Material provided
########
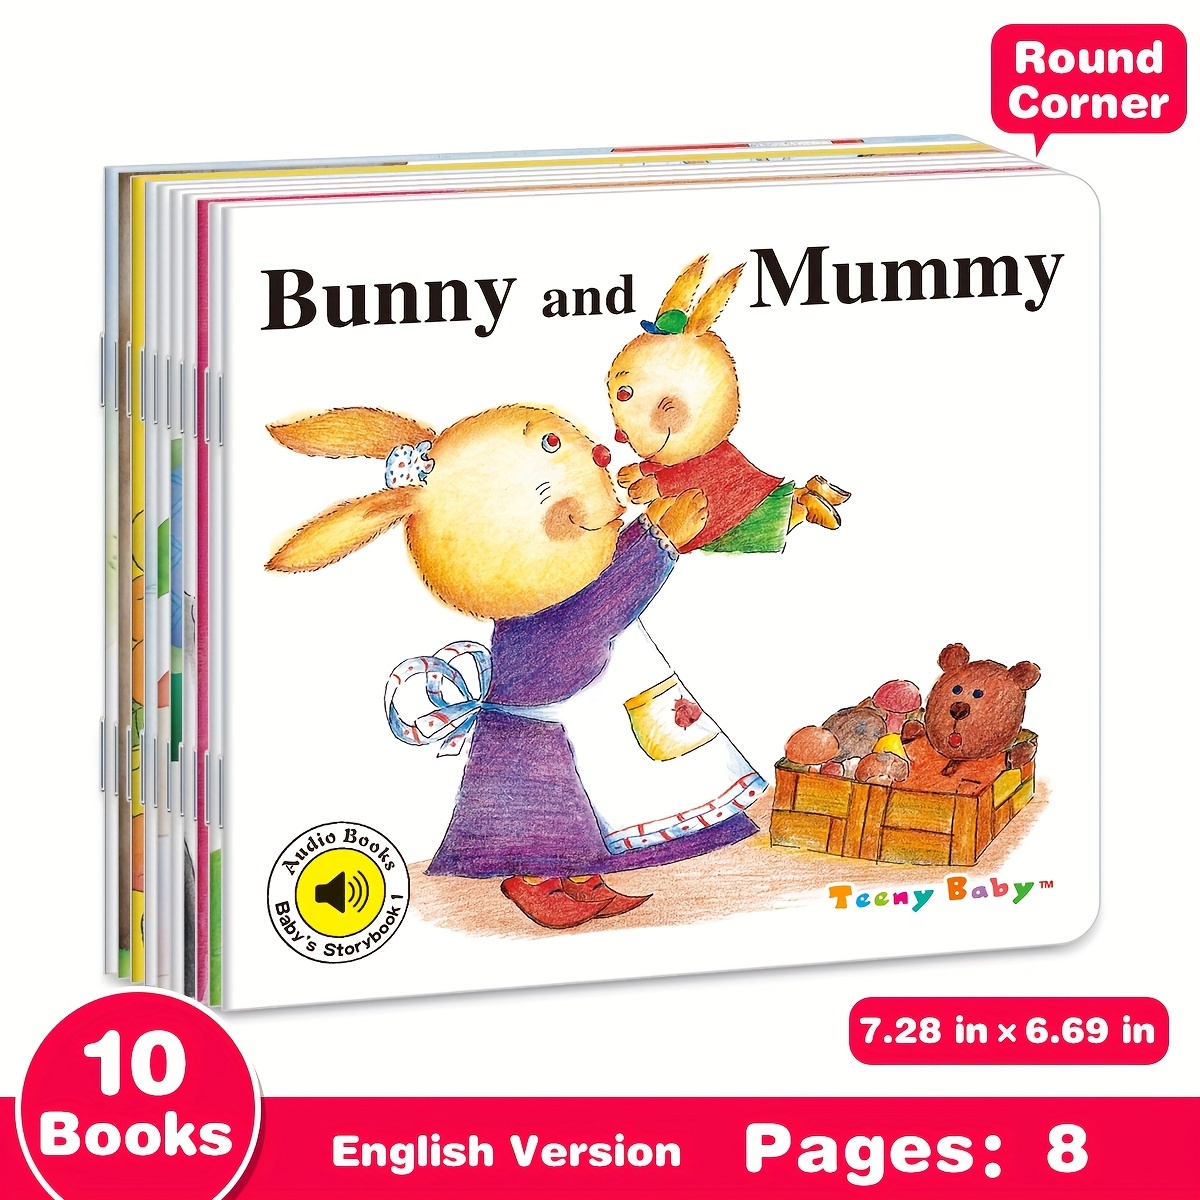 Libros recomendados para niños y bebes de 6 a 12 meses - Libros Urgentes.  Sólo libros
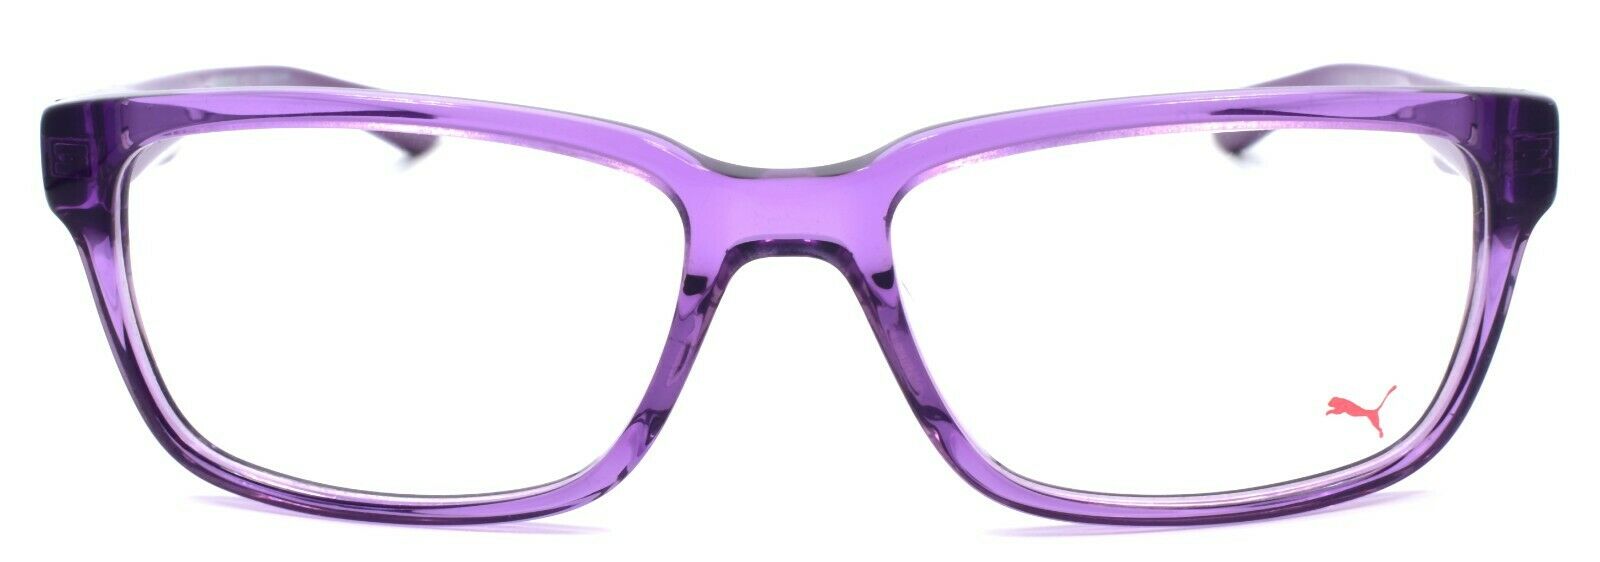 2-PUMA PU0068O 009 Men's Eyeglasses Frames 54-17-140 Violet Crystal-889652033143-IKSpecs
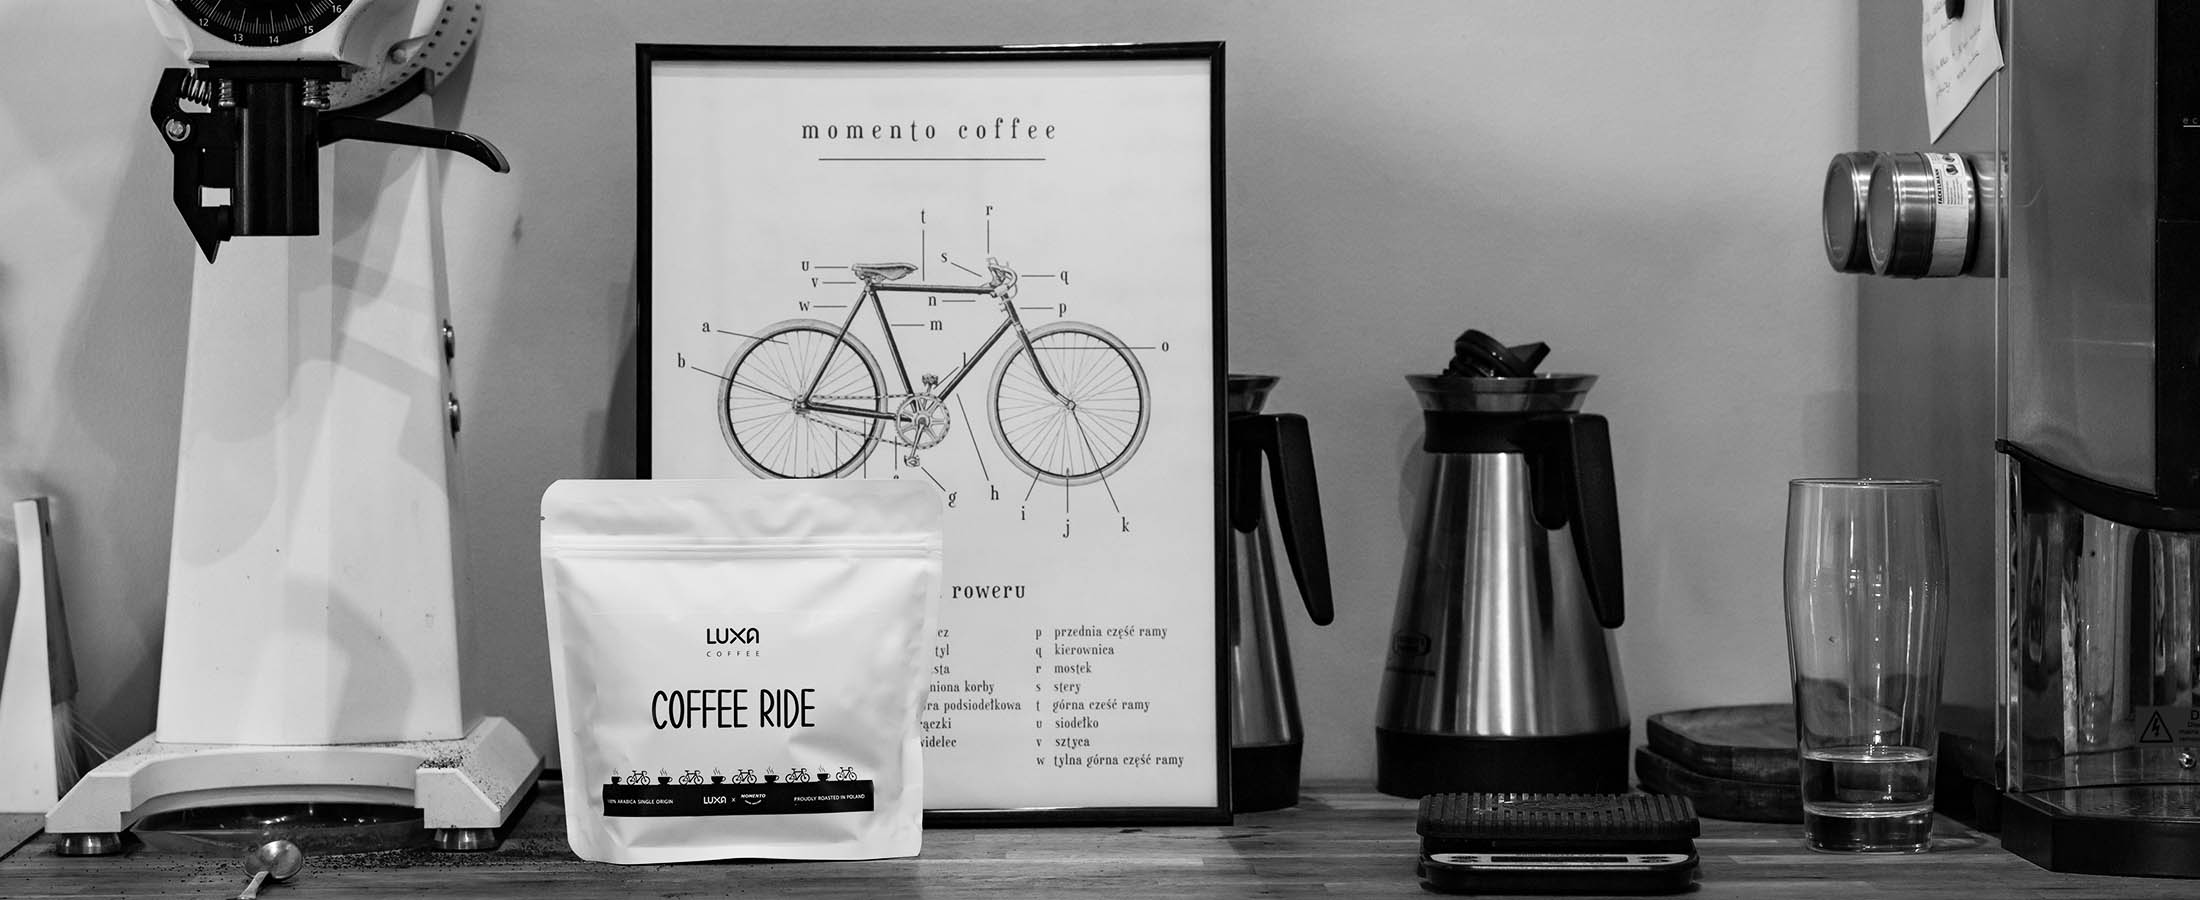 wnętrze kawiarni z klimatycznym obrazkiem z rowerem i kawą dla kolarzy Luxa Coffee Ride z palarni rzeszowskiej Momento
########
Task requirements
Each line of the data above must be repeated exactly, images excluded.

Task output
 Libros recomendados para niños y bebes de 6 a 12 meses - Libros Urgentes.  Sólo libros
 2-PUMA PU0068O 009 Men's Eyeglasses Frames 54-17-140 Violet Crystal-889652033143-IKSpecs
 wnętrze kawiarni z klimatycznym obrazkiem z rowerem i kawą dla kolarzy Luxa Coffee Ride z palarni rzeszowskiej Momento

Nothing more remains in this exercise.